Enhancing production of ergosterol in Pichia pastoris GS115 by over-expression of 3-hydroxy-3-methylglutaryl CoA reductase from Glycyrrhiza uralensis.

The rate-limiting enzyme in the mevalonic acid (MVA) pathway which can lead to triterpenoid saponin glycyrrhizic acid (GA) is 3-hydroxy-3-methylglutaryl-CoA reductase (HMGR). In order to reveal the effect of copy number variation in the HMGR gene on the MVA pathway, the HMGR gene from Glycyrrhiza uralensis Fisch. (GuHMGR) was cloned and over-expressed in Pichia pastoris GS115. Six recombinant P. pastoris strains containing different copy numbers of the GuHMGR gene were obtained and the content of ergosterol was analyzed by HPLC. The results showed that all the recombinant P. pastoris strains contained more ergosterol than the negative control and the strains with 8 and 44 copies contained significantly more ergosterol than the other strains. However, as the copy number increased, the content of ergosterol showed an increasing-decreasing-increasing pattern. This study provides a rationale for increasing the content of GA through over-expressing the GuHMGR gene in cultivars of G. uralensis.

Introduction

Besides the use as an industrial raw material and tobacco additive, the roots of Glycyrrhiza uralensis Fisch. are widely used in many Chinese herbal remedies for their ability to nourish “Qi”, alleviate pain, tonify the spleen and stomach, eliminate phlegm and relieve cough. The source of this pharmacological activity is a number of active components of which glycyrrhizic acid (GA) is considered the most important. This has led to its adoption as a marker compound of the quality of G. uralensis. Many studies have shown that GA possesses antiinflammatory, antiturmor and immune-stimulating activities.

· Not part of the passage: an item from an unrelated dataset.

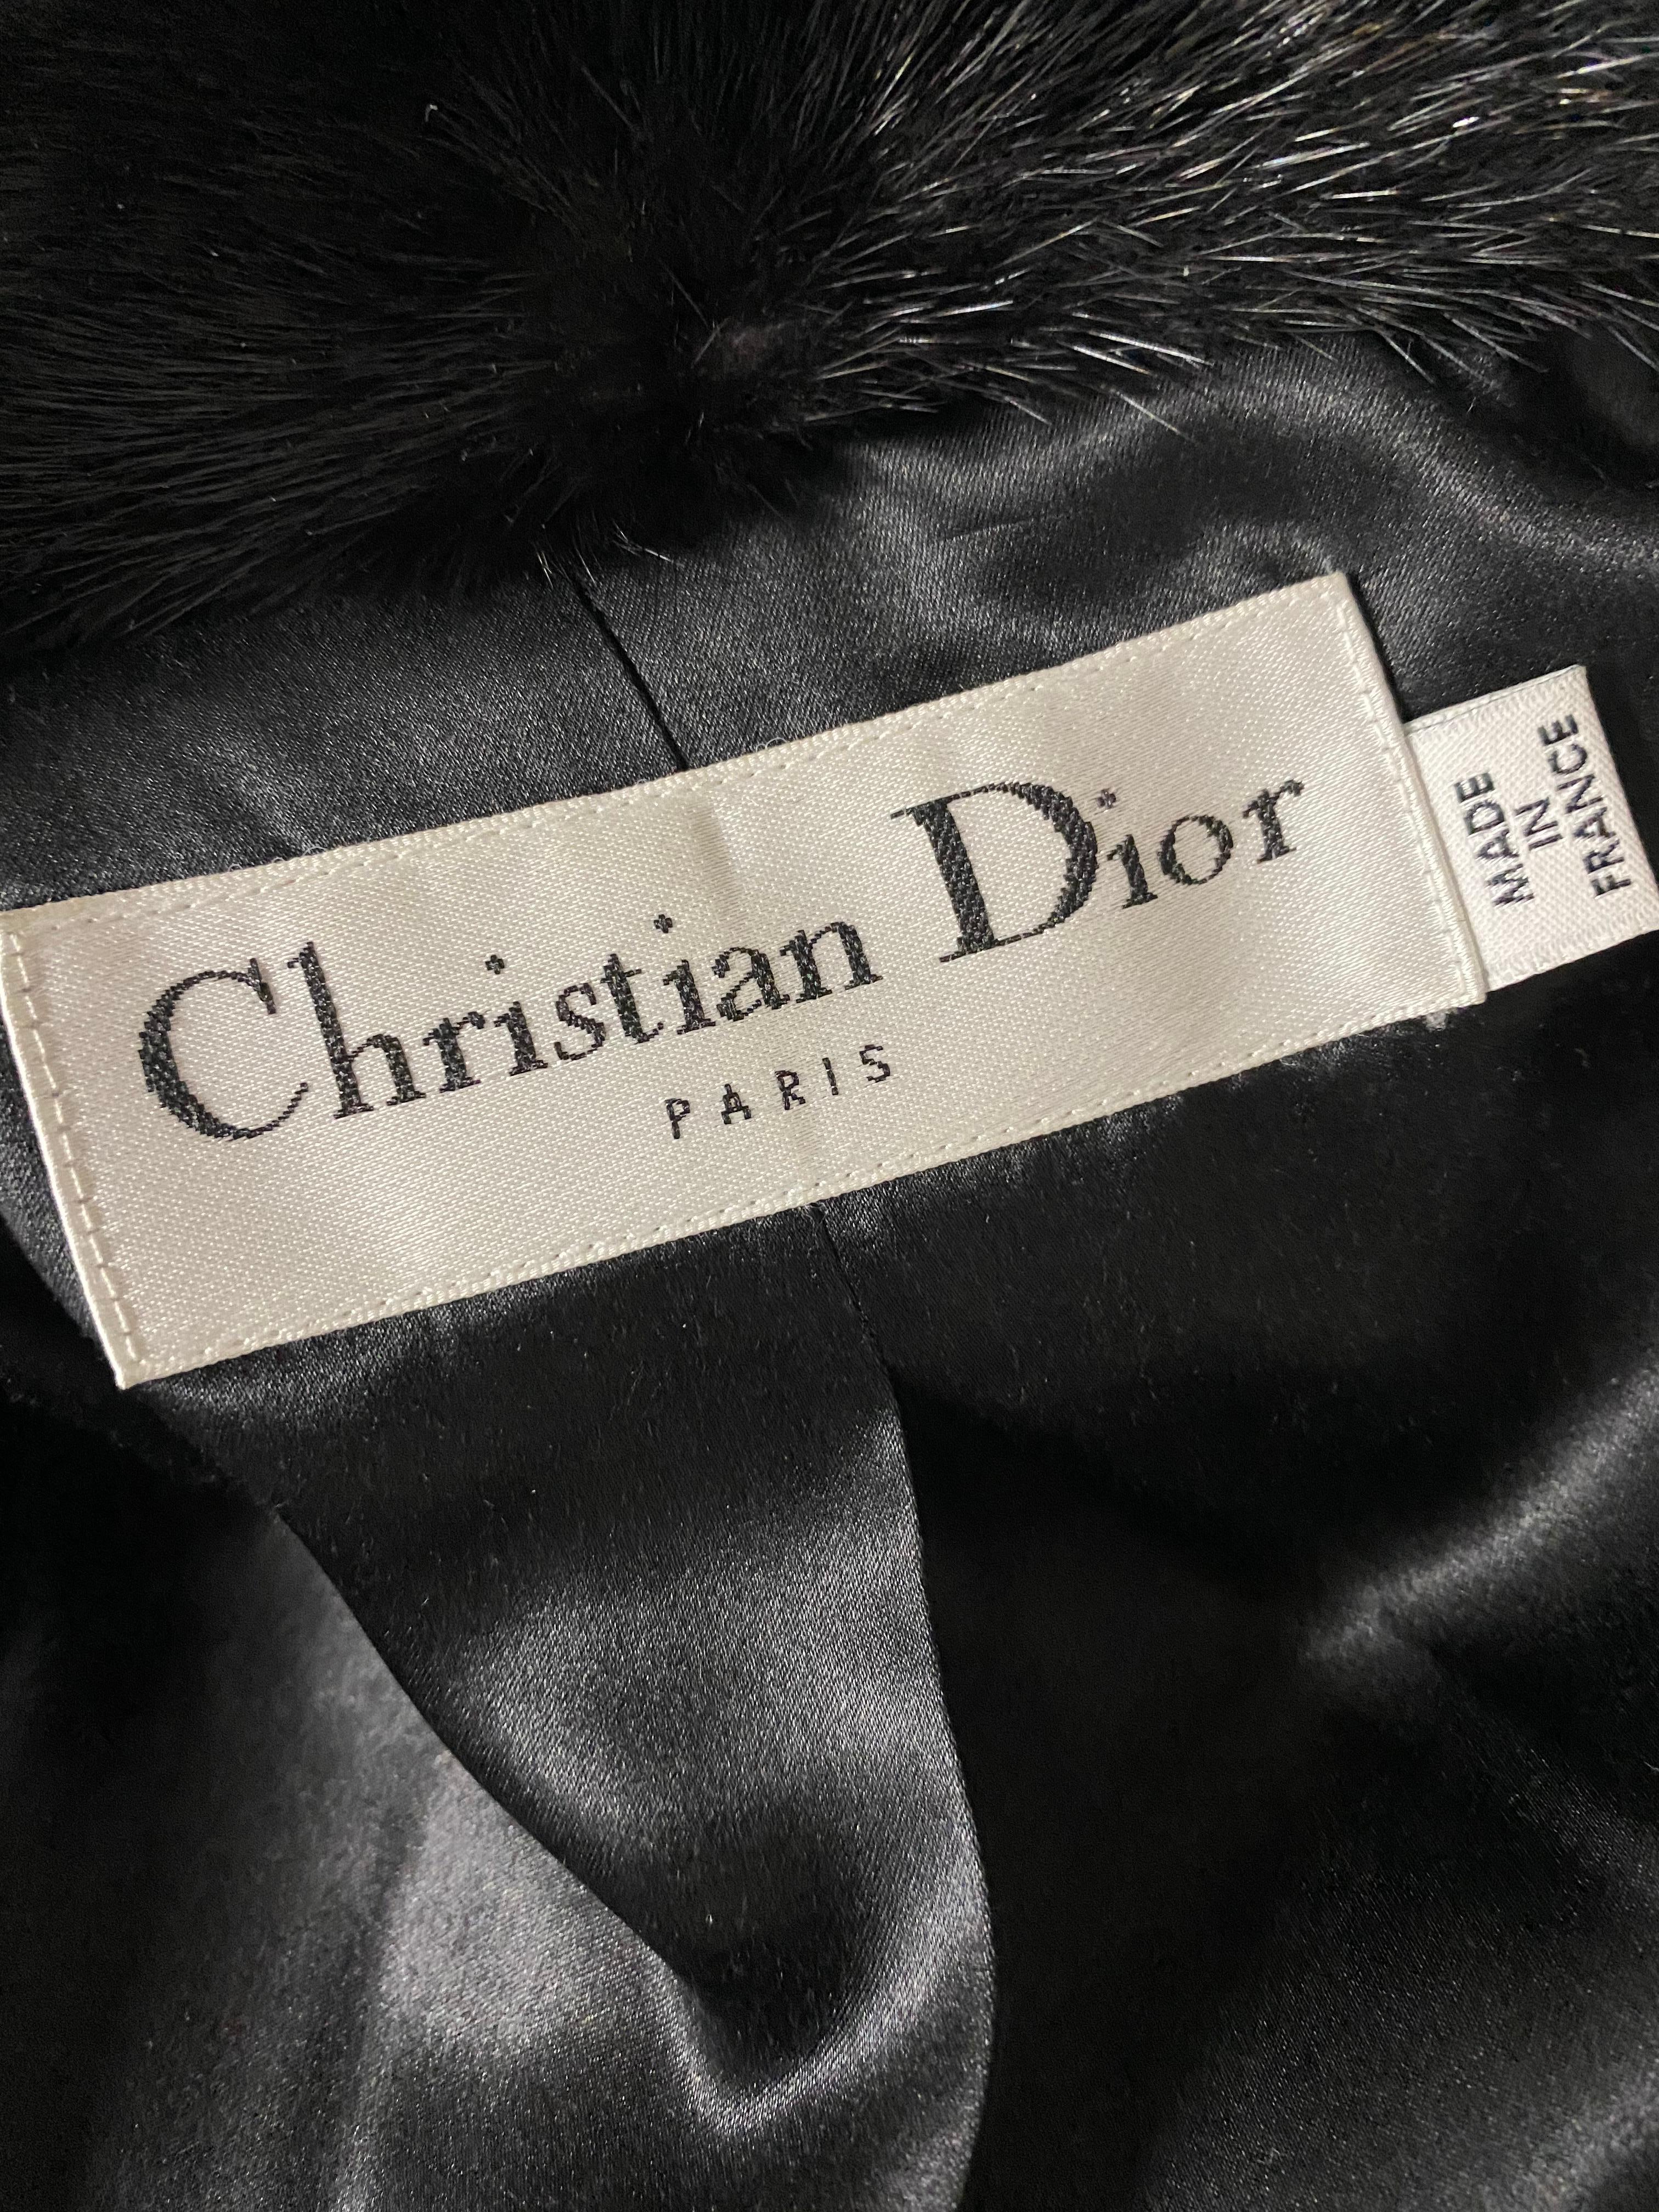 Christian Dior Black Wool Tweed and Fur Coat Jacket Size 40 5

Excessive exploitation of wild G. uralensis plants in the years leading up to 2000 decreased the supply to such an extent that the Chinese government imposed restrictions on their collection. As a result, cultivars have now become the main source of this herb. However, the low content of GA in these cultivars has placed severe restrictions on their sustainable development. Attempts have been made to solve this problem using cell suspensions of G. uralensis but without success. We therefore decided to genetically engineer G. uralensis plants through modifying the triterpene biosynthetic pathway which leads to the formation of GA.

In the biosynthesis of GA, the rate-limiting enzyme is 3-hydroxy-3-methylglutaryl-CoA reductase (HMGR) which catalyzes the reaction of HMG-CoA and NADPH to form mevalonic acid (MVA). Many previous studies have shown that the accumulation of terpenes is significantly increased by increasing the content of the HMGR gene but, to date, over-expression of the HMGR gene in G. uralensis (GuHMGR) to increase the production of GA has not been reported. In this study, we investigated how copy number variation (CNV) of the GuHMGR gene affects the formation of ergosterol. We maintain that the results indicate that over-expression of the GuHMGR gene increases the accumulation of GA in cultivars of G. uralensis.

Materials and methods

Construction of the yeast expression vector containing GuHMGR gene

NotI and SnaBI of pPIC9K (Fig. 1) were selected as the specific enzyme cutting sites to insert the GuHMGR gene. Primer pairs with the specific enzyme sites underlined are as follows:

Figure 1

Structure of pPIC9K.

HF: 5′-CGGTACGTAATGGACGTTCGCCGGAG-3′ (SnaBI)

HR: 5′-ATAGCGGCCGCTGGAGGCTTTCGTTATTGGT-3′ (NotI)

The cycling parameters of PCR were as follows: 94 °C for 5 min; 30 cycles of 94 °C for 30 s, annealing at 64 °C for 30 s, extension at 72 °C for 2 min; and a final extension at 72 °C for 10 min. The amplified fragments were purified and subcloned into pMD19-T (Takara, Japan). The resulting vector (GuHMGR-T) was digested with SnaBI (2 h at 37 °C) and NotI (2 h at 37 °C) and then subcloned into pPIC9K (Invitrogen, USA). The resulting recombinant pPIC9K–GuHMGR plasmid was transferred into the disarmed E. coli DH5α and sequenced for correct insertion.

Construction of recombinant P. pastoris containing GuHMGR gene

The recombinant pPIC9K–GuHMGR plasmid was linearized by restriction enzyme SalI and mobilized by electroporation (1500 V, 25 µF, 400 Ω) into the disarmed P. pastoris GS115 (Invitrogen, USA). An aliquot (0.5 mL) of yeast peptone dextrose (YPD) medium was then added and the cells were cultured at 30 °C, 200 rpm for 1 h. An aliquot (200 µL) of the suspension was placed on minimal dextrose (MD) solid medium and cultured at 30 °C for 2 days. Single colonies were removed and incubated on minimal medium (MM) and MD solid medium simultaneously at 30 °C for 2–4 days; the colonies growing on both MM and MD media were selected.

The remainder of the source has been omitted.